Member of the New Hampshire House of Representatives from the Cheshire 5th district
- In office 1990–1992

Member of the New Hampshire House of Representatives from the Cheshire 8th district
- In office 1994–1998
- In office 2000–2002

Personal details
- Born: Daniel McFarland Burnham August 1, 1929 Brooklyn, New York, U.S.
- Died: July 18, 2020 (aged 90) Dublin, New Hampshire, U.S.
- Party: Democratic
- Education: Harvard College

= Daniel M. Burnham =

American politician

Daniel McFarland Burnham (August 1, 1929 – July 18, 2020) was an American politician. A member of the Democratic Party, he served in the New Hampshire House of Representatives from 1990 to 1992, from 1994 to 1998 and from 2000 to 2002.

== Life and career ==
Burnham was born in Brooklyn, New York, the son of Addison and Dorothy Burnham. He served in the United States Army, which after his discharge, he attended Harvard College, graduating in 1952. After graduating, he worked as a writer for the military newspaper Stars and Stripes.

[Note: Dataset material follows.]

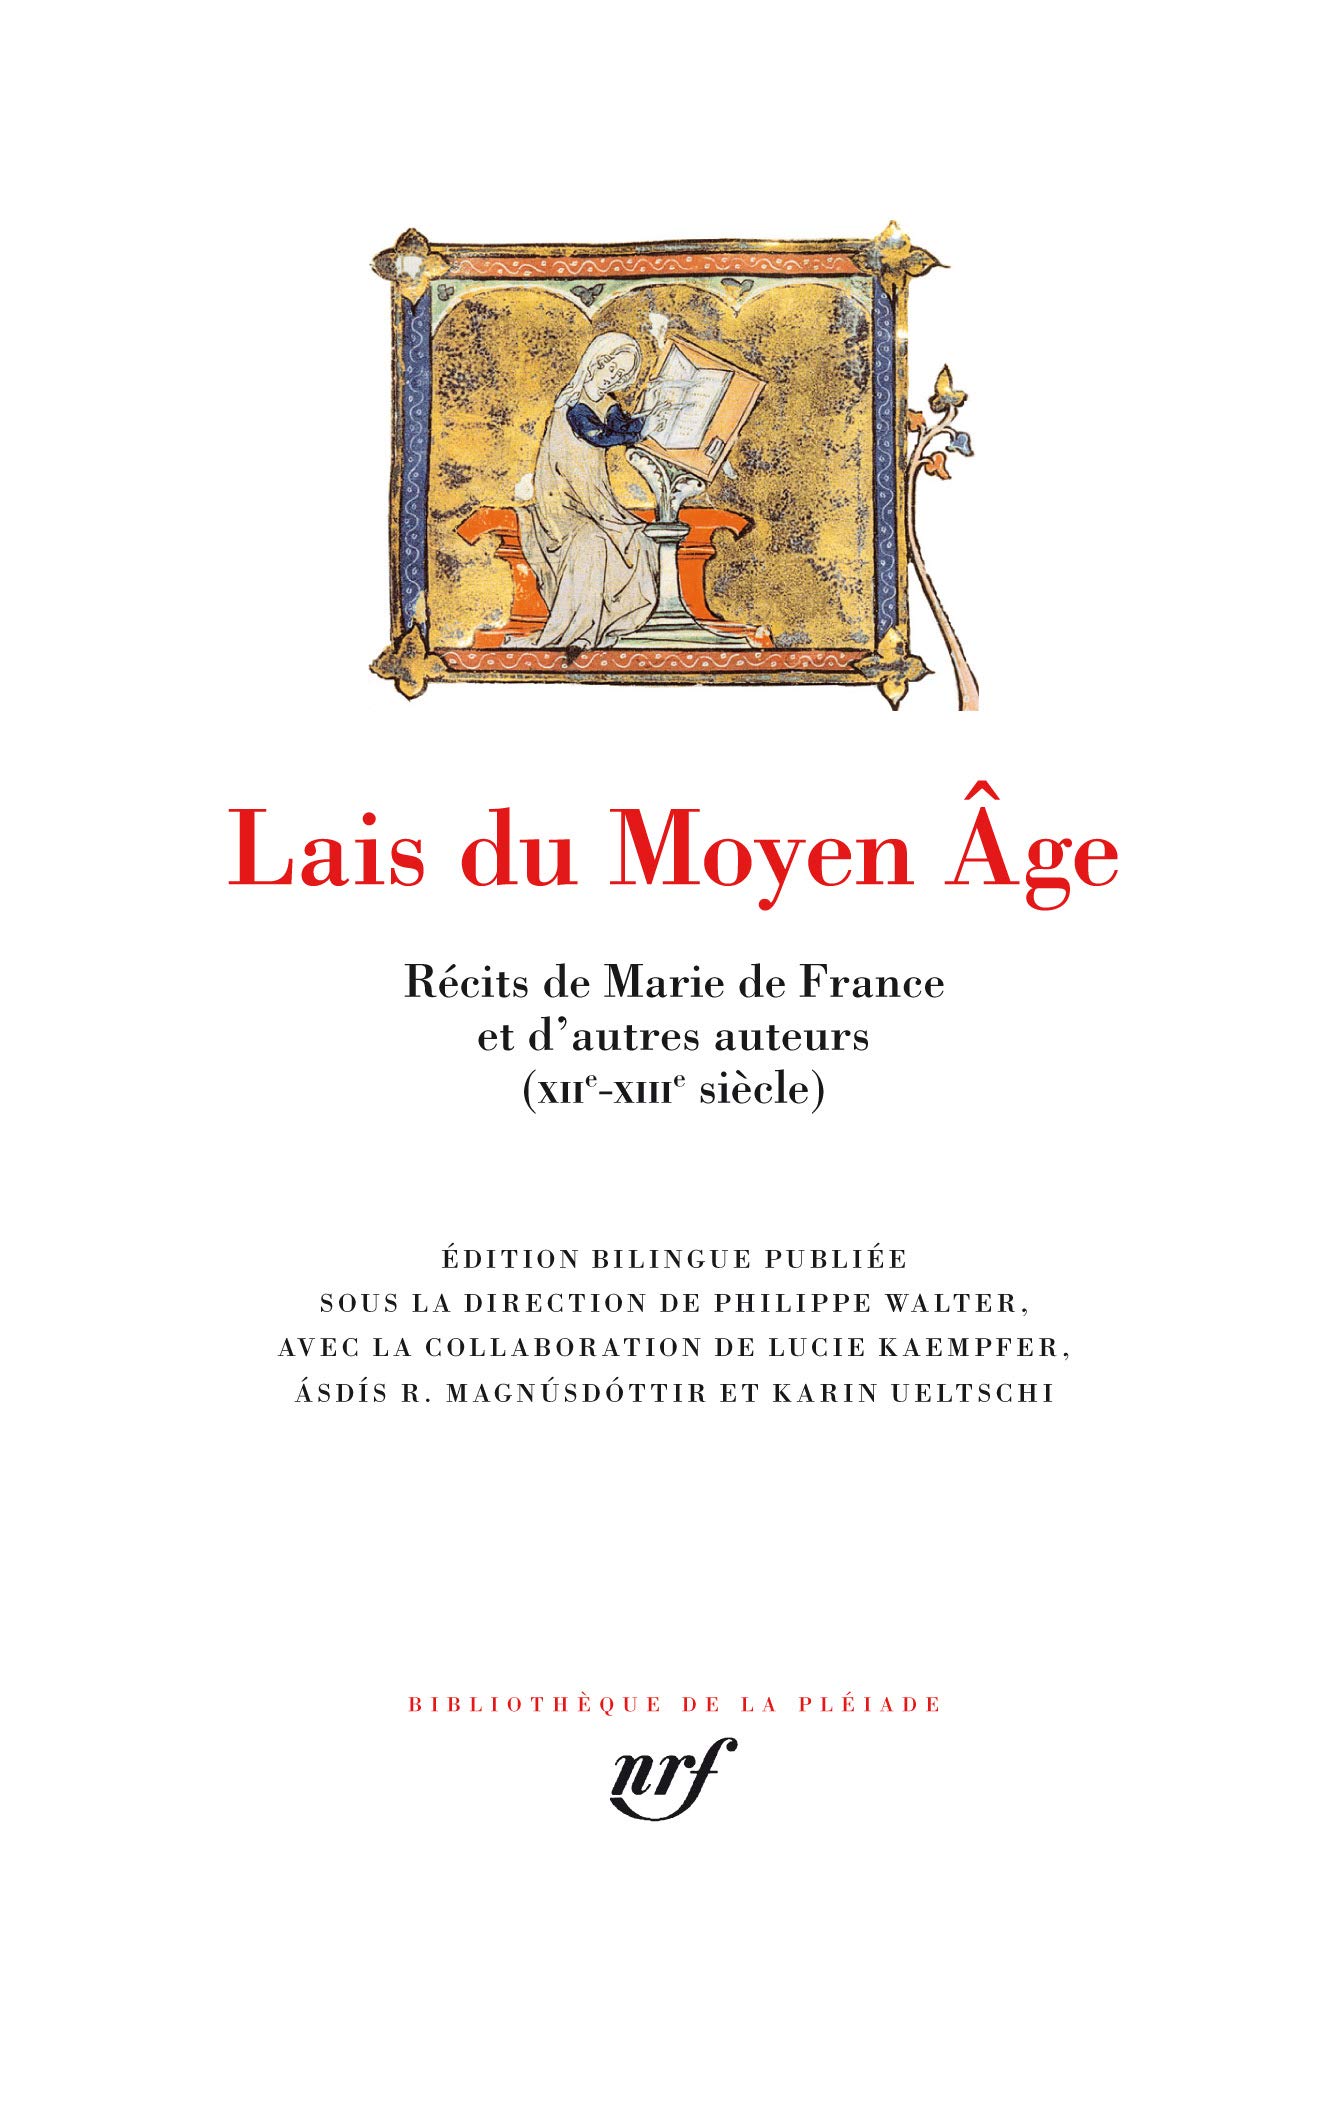 Lais du Moyen Age. Récits de Marie de France et d'autres auteurs (XIIe-XIIIe siècle), 2018, 1488 p.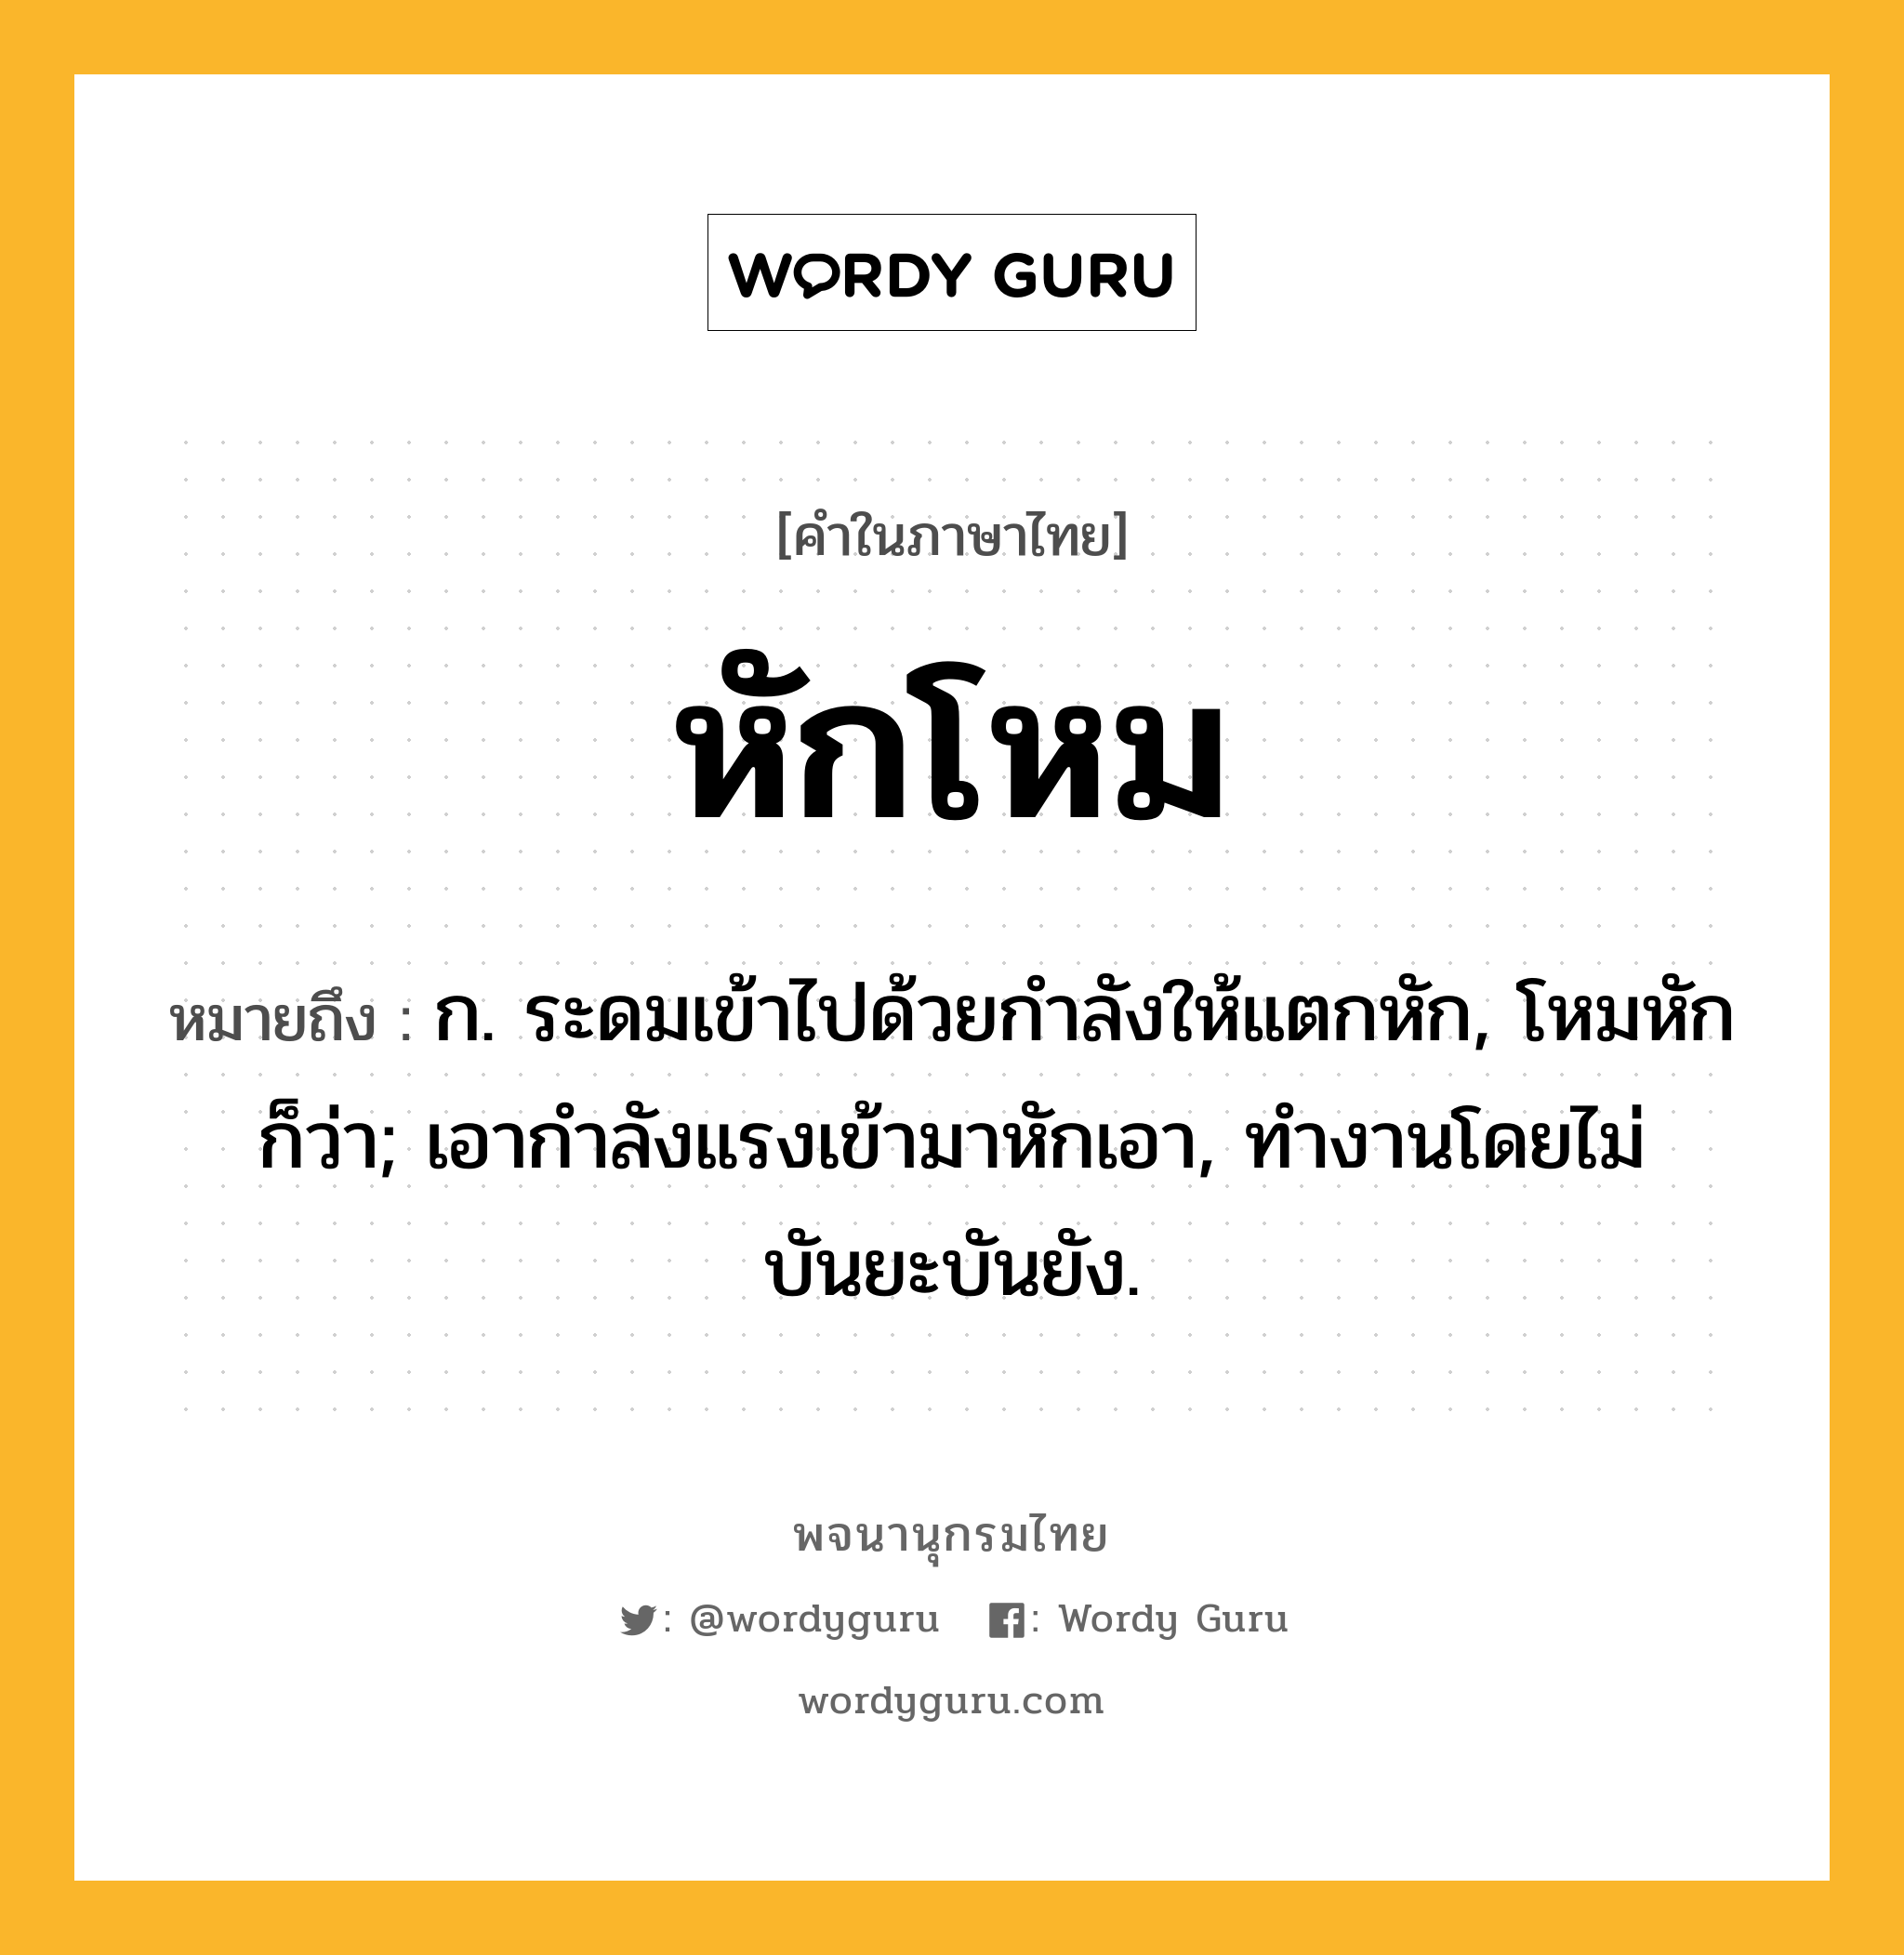 หักโหม ความหมาย หมายถึงอะไร?, คำในภาษาไทย หักโหม หมายถึง ก. ระดมเข้าไปด้วยกำลังให้แตกหัก, โหมหัก ก็ว่า; เอากําลังแรงเข้ามาหักเอา, ทํางานโดยไม่บันยะบันยัง.

In 1988, Burnham ran as a Democratic candidate for New Hampshire state senator from the 11th district. He received 7,887 votes, but lost to Republican candidate Charles Bass, who won with 11,953 votes.

Burnham served in the New Hampshire House of Representatives from 1990 to 1992, from 1994 to 1998 and from 2000 to 2002.

== Death ==
Burnham died on July 18, 2020, at his home in Dublin, New Hampshire, at the age of 90.